我正在尝试构建一个允许我在图像中搜索文本的shell脚本。根据文本,脚本将尽力从图像中获取文本。我想要你的输入,因为这个脚本似乎适用于大多数图像,但不是那些文本字体颜色类似于文本周围较小环境的图像。
# !/bin/bash
#
# imt-ocr.sh is image magick tessearc OCR tool that is used for finding out text in image
#
# Arguments:
# 1 -- image filename (with path)
# 2 -- text to search in image (default to '')
# 3 -- occurence of text (default to 1)
# Usage:
# imt-ocr.sh [image_filename] [text_to_search] [occurence]
#
image=$1
txt=$2
occurence=$3 # Default to 1
if [ "$occurence" == "" ]
then
occurence=1
fi
get_major_color ()
# Returns the major color of an image with its hex value
# Parameter: Image filename (with path)
# Return format: Returns a string "hex_val_of_color major_color_name"
{
convert $1 -format %c histogram:info: > x.txt
cat x.txt | awk '{print $1}' > x1.txt
h=$(sort -n x1.txt | tail -1);
color_info=$(cat x.txt | grep "$h" | cut -d '#' -f2)
rm -rf x.txt x1.txt
echo "$color_info"
}
invert_color()
# Inverts the color hex value
# Parameter: Hex value to be inverted
# Return format: Returns in hex
{
input_color_hex=$1 # Input color's hex value
white_color_hex=FFFFFF # White color's hex vlaue
inv_color_hex=`echo $(printf '%06X\n' $((0x$white_color_hex - 0x$input_color_hex)))`
echo $inv_color_hex
}
start_scale=100
end_scale=300
increment_scale=100
tmp_img=dst.tif
attempt=1
for ((scale=$start_scale, attempt=$attempt; scale <= $end_scale ; scale=scale+$increment_scale, attempt++))
do
echo "IMT-OCR-LOG: Scaling image to $scale% in attempt #$attempt"
convert $image -type Grayscale -scale $scale% $tmp_img
tesseract $tmp_img OUT
found_oc=$(grep -o "$txt" OUT.txt | wc -l)
echo "IMT-OCR-LOG: Found $found_oc occurence(s) of text '$txt' in attempt #$attempt"
if [ $occurence -le $found_oc ] && [ $found_oc -ne 0 ]
then
echo "IMT-OCR-LOG: Printing out the last text found on image"
echo "IMT-OCR-LOG: ======================================================"
cat OUT.txt
echo "IMT-OCR-LOG: ======================================================"
rm -rf $tmp_img OUT.txt
exit 1
else
echo "IMT-OCR-LOG: Getting major color of image in attempt #$attempt"
color_info=`get_major_color $image`
true_color=$(echo $color_info | awk '{print $2}')

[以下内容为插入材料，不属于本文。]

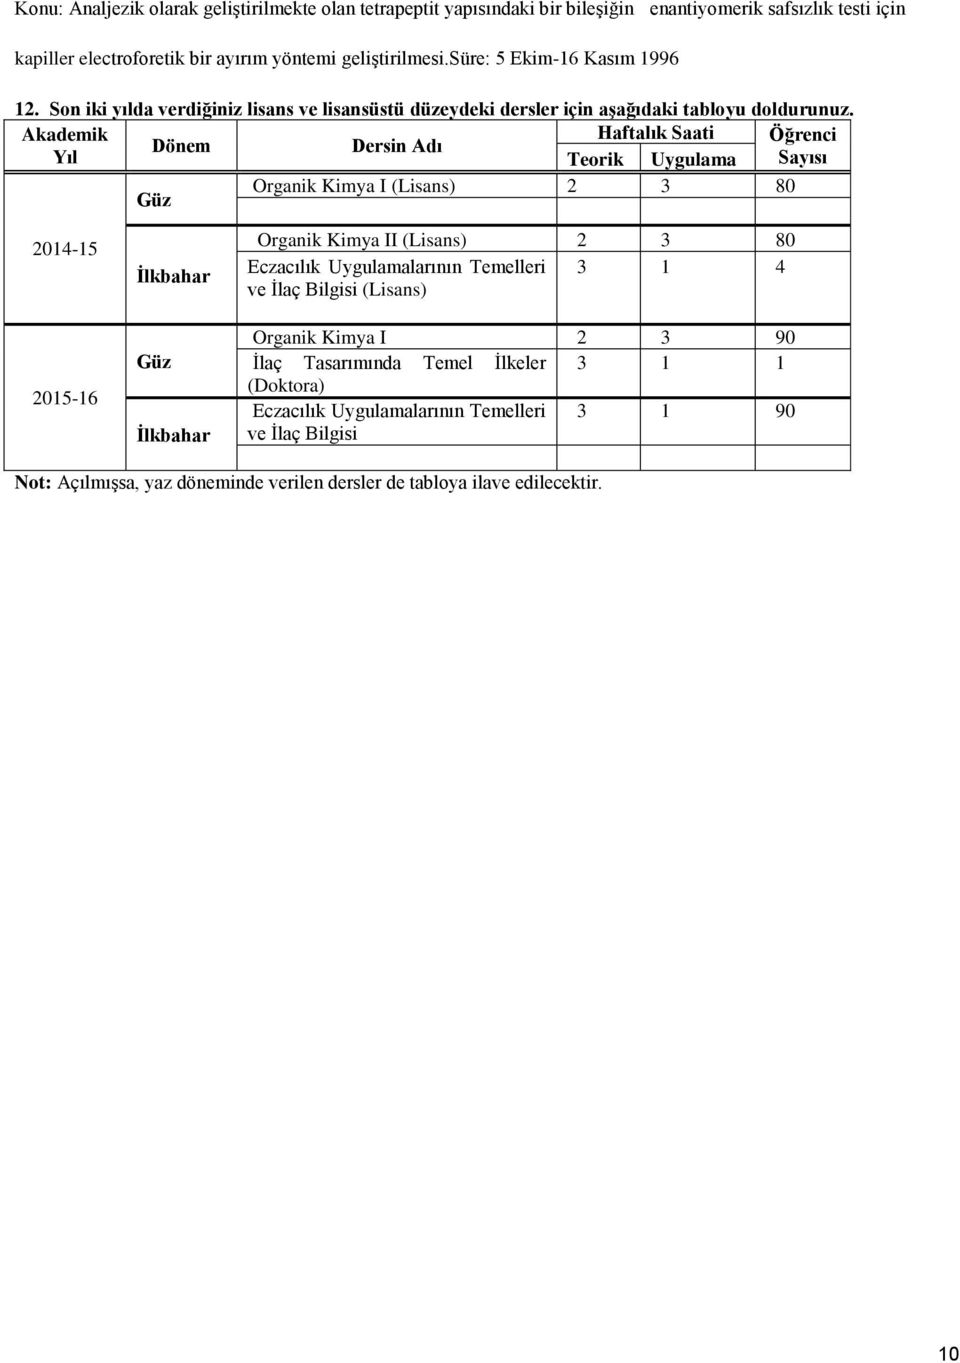 Akademik Haftalık Saati Öğrenci Dönem Dersin Adı Yıl Teorik Uygulama Sayısı Organik Kimya I (Lisans) 2 3 80 Güz 2014-15 2015-16 İlkbahar Güz İlkbahar Organik Kimya II (Lisans) 2 3 80

true_val=$(echo $color_info | awk '{print $1}')
echo "IMT-OCR-LOG: Major color of image is '$true_color' with hex value of $true_val in attempt #$attempt"
# Blur the image
echo "IMT-OCR-LOG: Bluring image in attempt #$attempt"

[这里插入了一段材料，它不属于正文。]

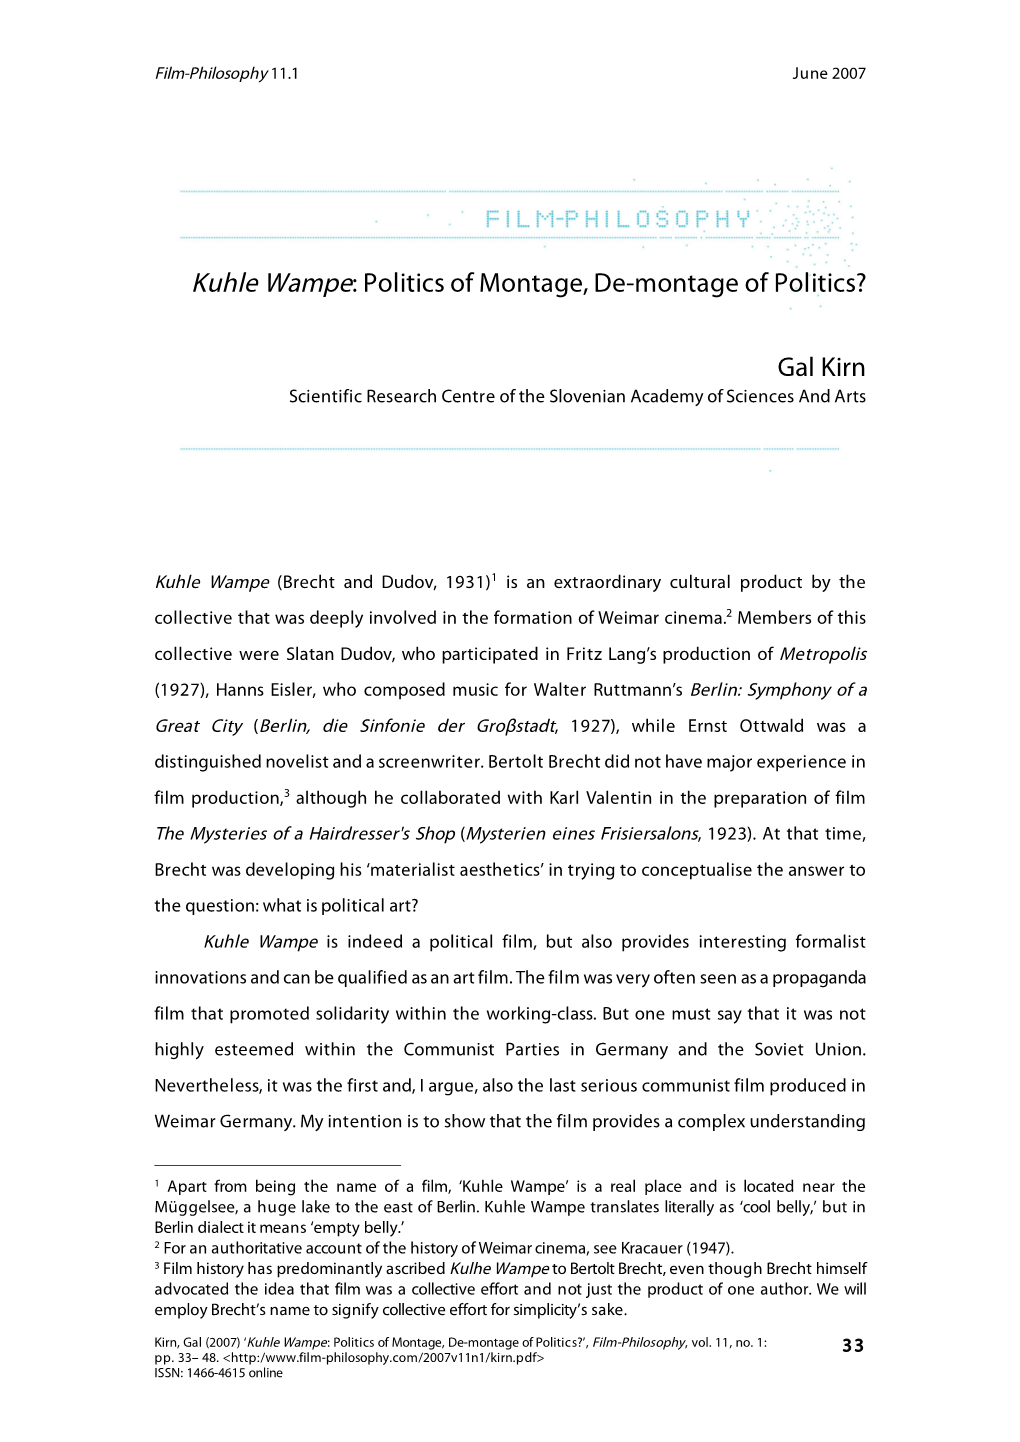 Kuhle Wampe: Politics of Montage, De-Montage of Politics?

convert $tmp_img -blur 1x65535 $tmp_img
# Flip the color
inverted_val=`invert_color $true_val`
echo "IMT-OCR-LOG: Inverting the major color of image from 0x$true_val to 0x$inverted_val in attempt #$attempt"
convert $tmp_img -fill \#$inverted_val -opaque \#$true_val $tmp_img
# Sharpen the image
echo "IMT-OCR-LOG: Sharpening image in attempt #$attempt"
convert $tmp_img -sharpen 1x65535 $tmp_img
# Find text
tesseract $tmp_img OUT
found_oc=$(grep -o "$txt" OUT.txt | wc -l)
echo "IMT-OCR-LOG: Found $found_oc occurence(s) of text '$txt' in attempt #$attempt"
if [ "$found_oc" != "0" ]
then
if [ $occurence -le $found_oc ]
then
echo "IMT-OCR-LOG: Printing out the last text found on image"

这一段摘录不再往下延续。